Moreover, the tool itself is barely a tool. It is a Python script that copies a markdown template and edits a TOML line. The undo instructions—delete the config entry, delete the file, restart—underscore how shallow the modification is. The value lies entirely in the prompt engineering, not the engineering. To call it a jailbreak is generous; to call it a configuration hack is accurate.

The Outlook: Customization vs. Control

OpenAI will almost certainly respond. The simplest fix is to sanitize or restrict the model_instructions_file vector, perhaps by refusing safety-critical overrides server-side or by wrapping user instructions in unescapable system delimiters. But the deeper problem will persist. Developers demand control over their tools, and vendors demand safety over their models. Every customization point—every hook for user preference—is a potential override channel.

The repository’s community channels, a QQ group and a Telegram chat, suggest an audience eager to route around guardrails. Some of that demand comes from legitimate security researchers who need models to discuss exploits without prudish refusals. Some comes from users who simply want an unfiltered writing partner. Either way, it signals that the market for “unrestricted” AI is not fringe; it is organized, social, and technically literate.

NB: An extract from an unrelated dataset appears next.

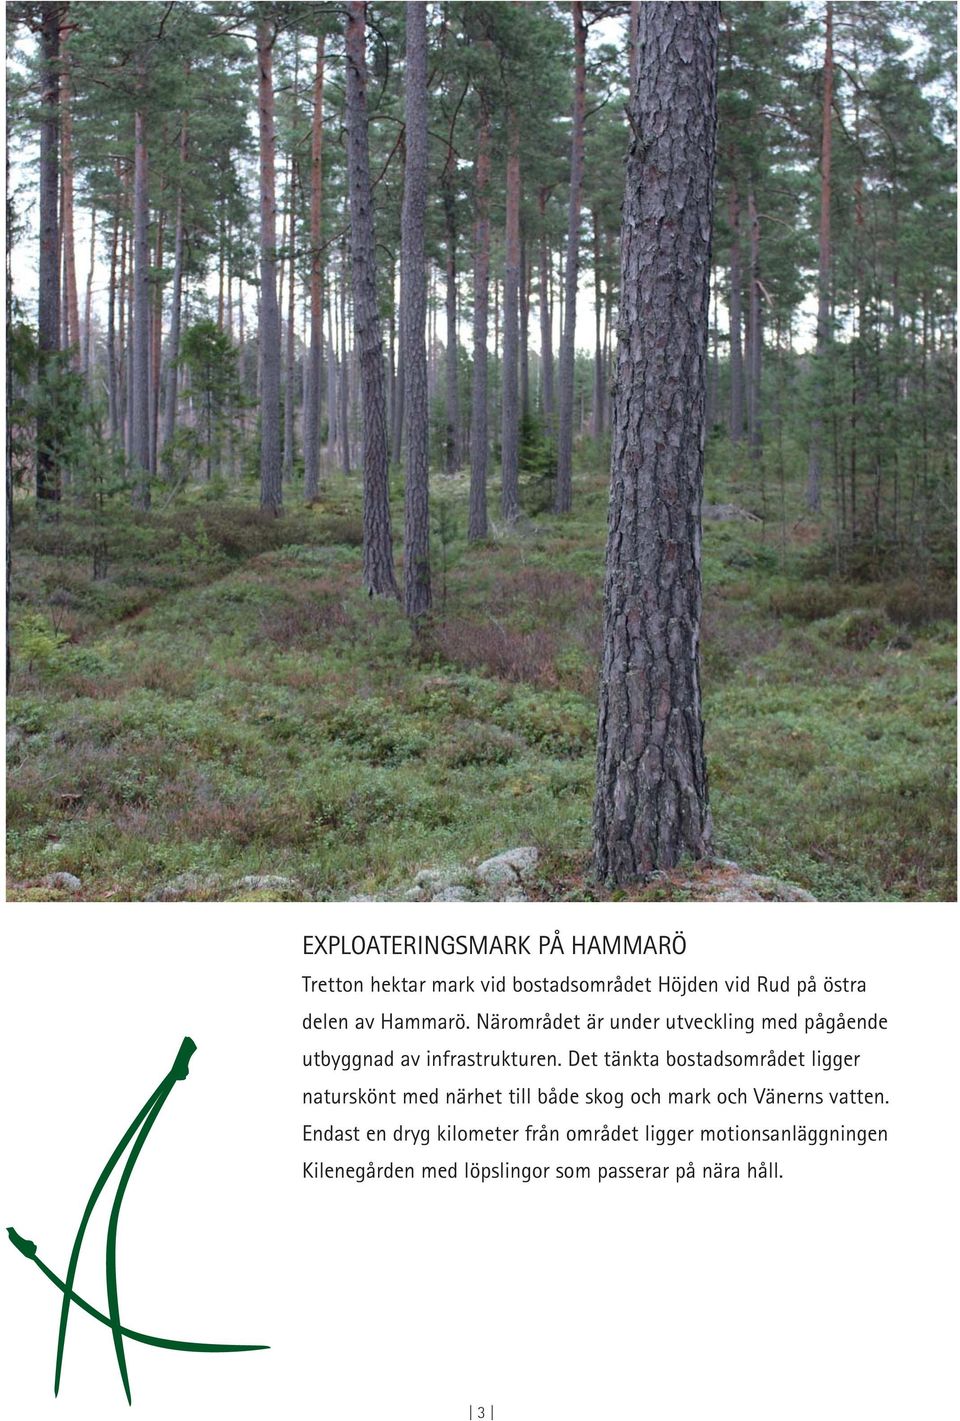 Det tänkta bostadsområdet ligger naturskönt med närhet till både skog och mark och Vänerns vatten.

As coding agents move from suggestion boxes to autonomous engineers, the instruction hierarchy becomes the new security boundary. This repository proves that boundary is still drawn in editable text files. The fortress OpenAI built around GPT-5.5 may be impressive, but the gatekeeper is a markdown file in a hidden dot-directory. That is not a flaw in the model. It is a flaw in the interface—and interfaces are much easier to patch than human ingenuity.